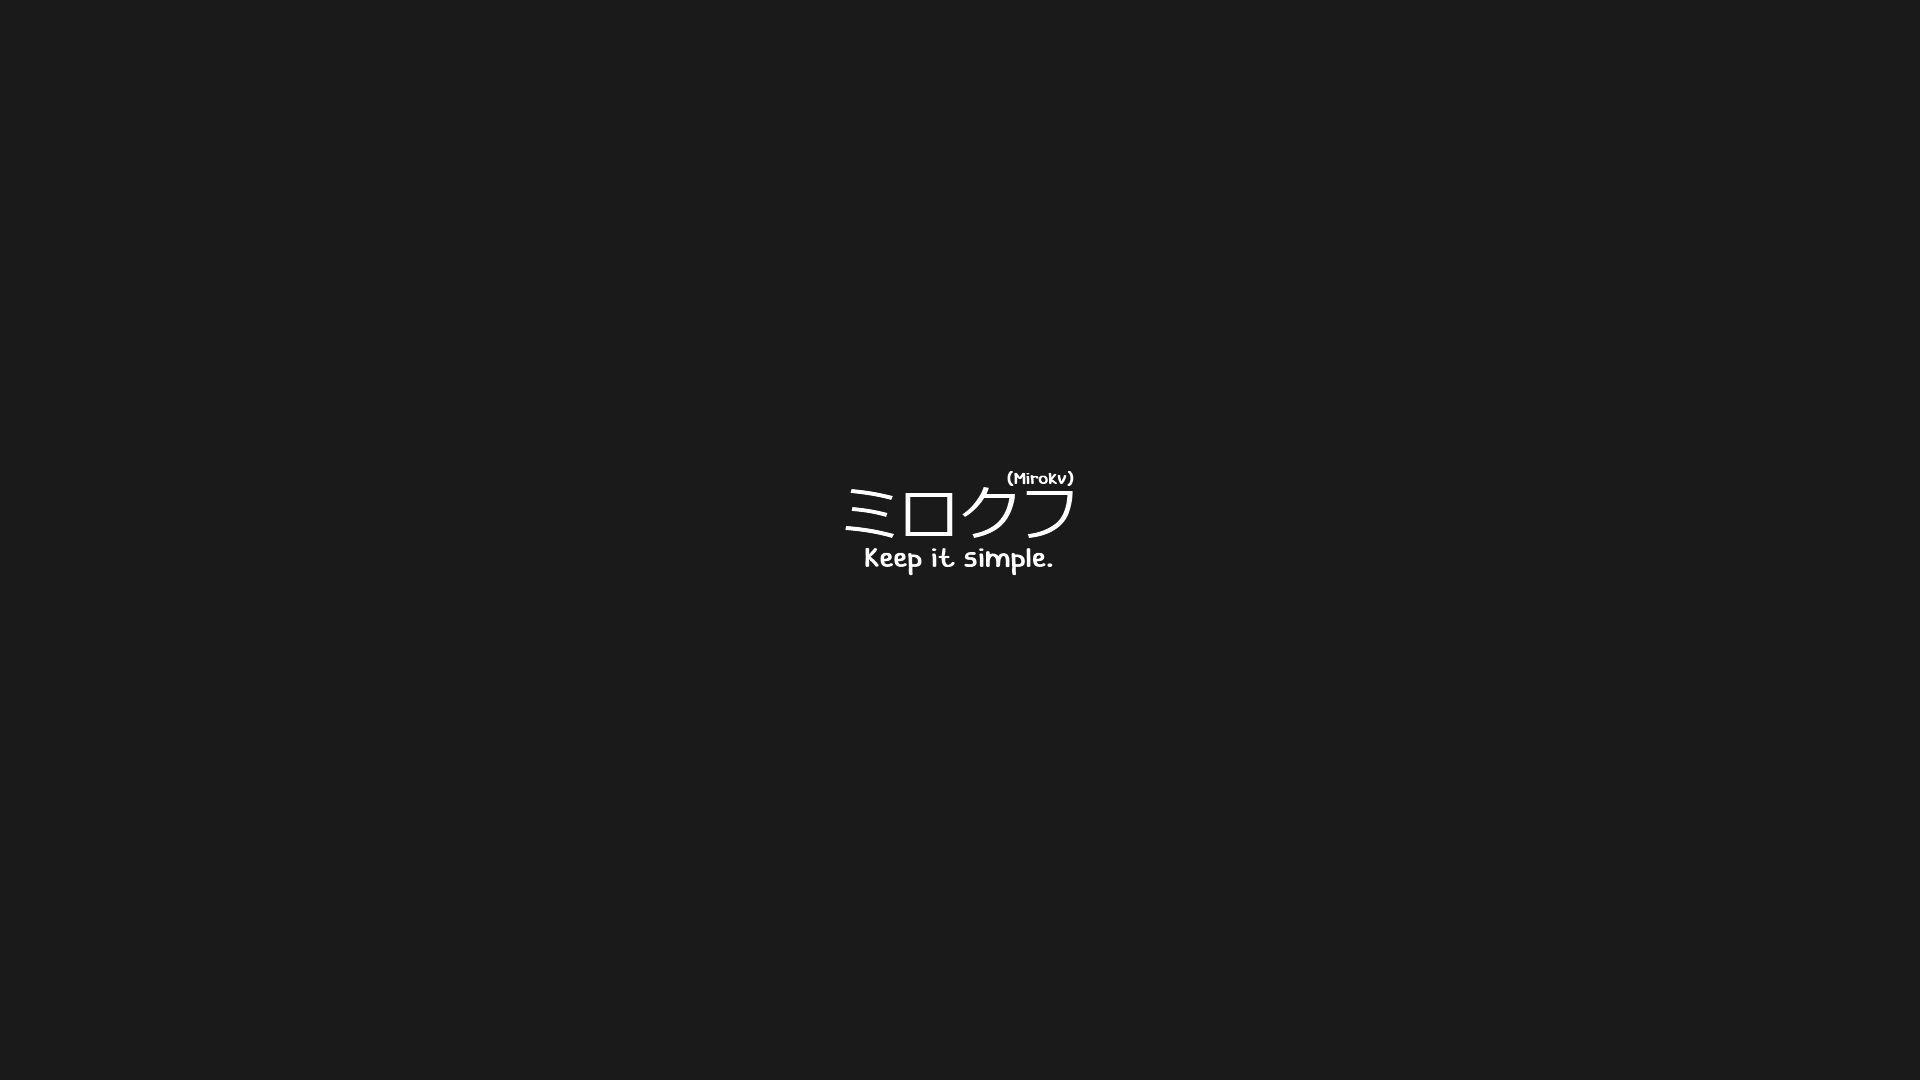 Japanese, Keep it simple, Translated, Simple background, Black
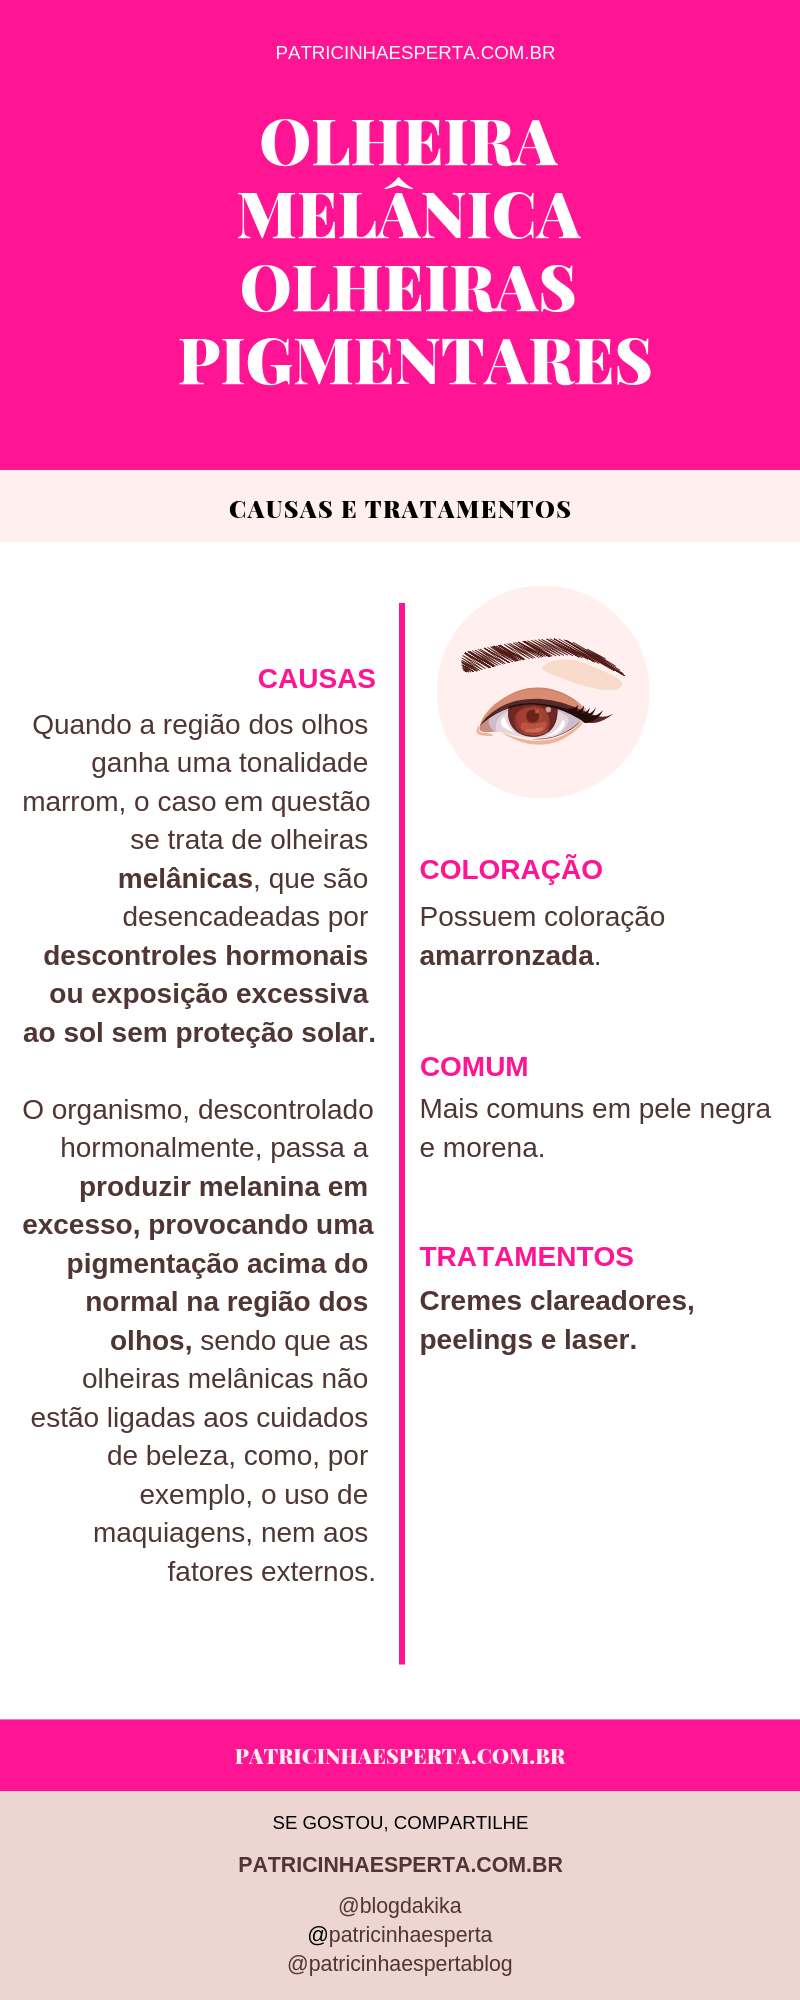 olheiras pigmentares - Como Tirar Olheiras - Tratamentos, Receitas Caseiras, Causas, Vídeos
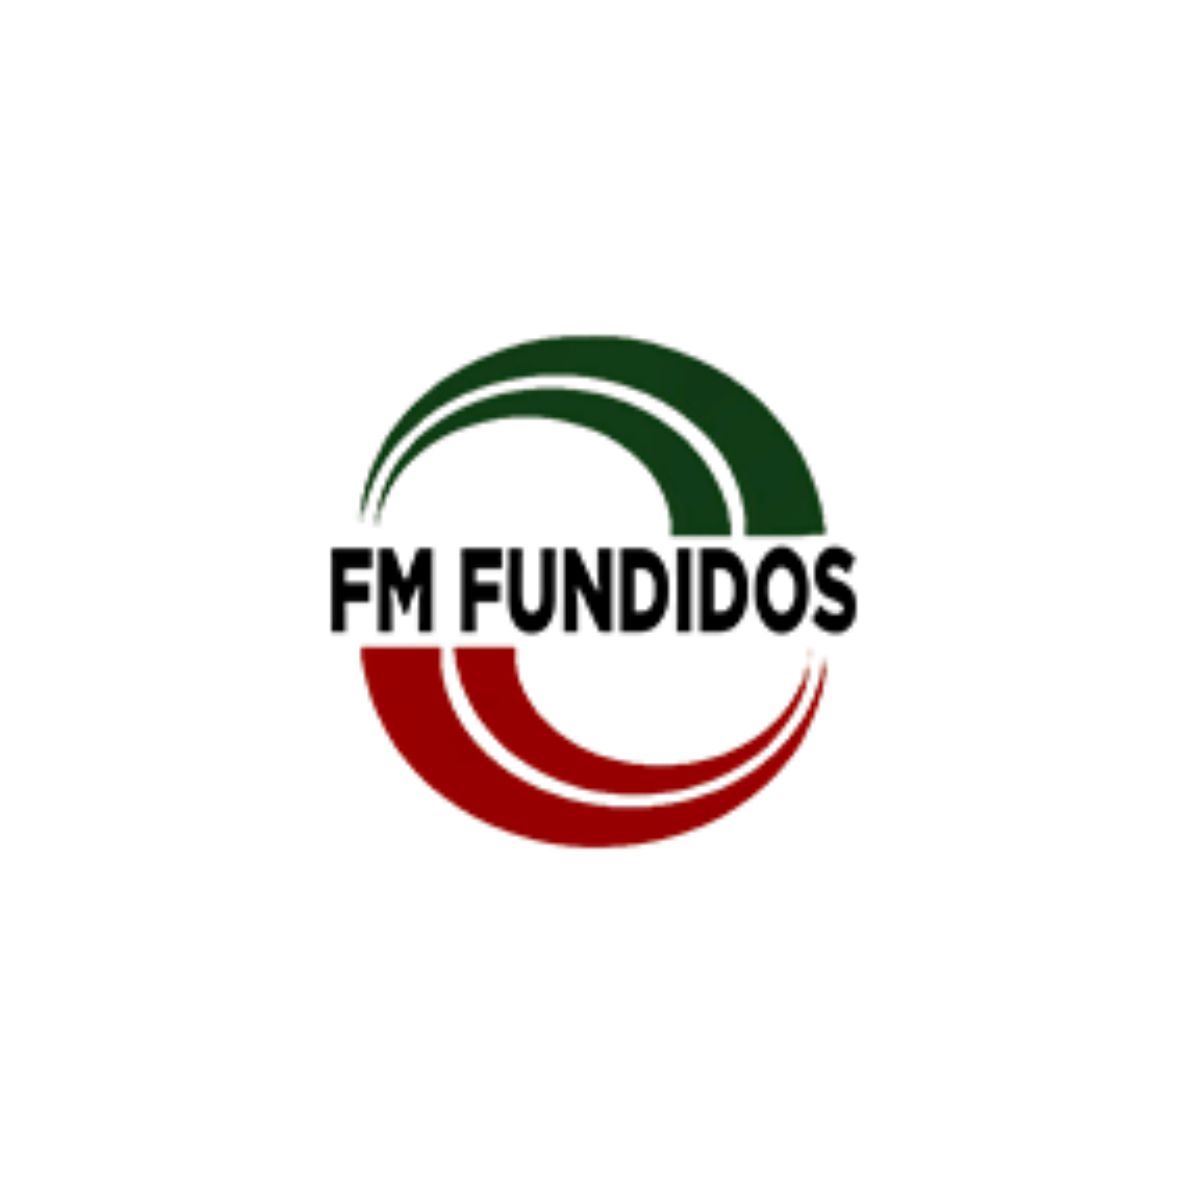 FM Fundidos Eireli

#### EXERCISE DIRECTIONS
Your answer must be the full listing, word for word, minus any images.

#### RESULT
 Japanese, Keep it simple, Translated, Simple background, Black
 olheiras pigmentares - Como Tirar Olheiras - Tratamentos, Receitas Caseiras, Causas, Vídeos
 FM Fundidos Eireli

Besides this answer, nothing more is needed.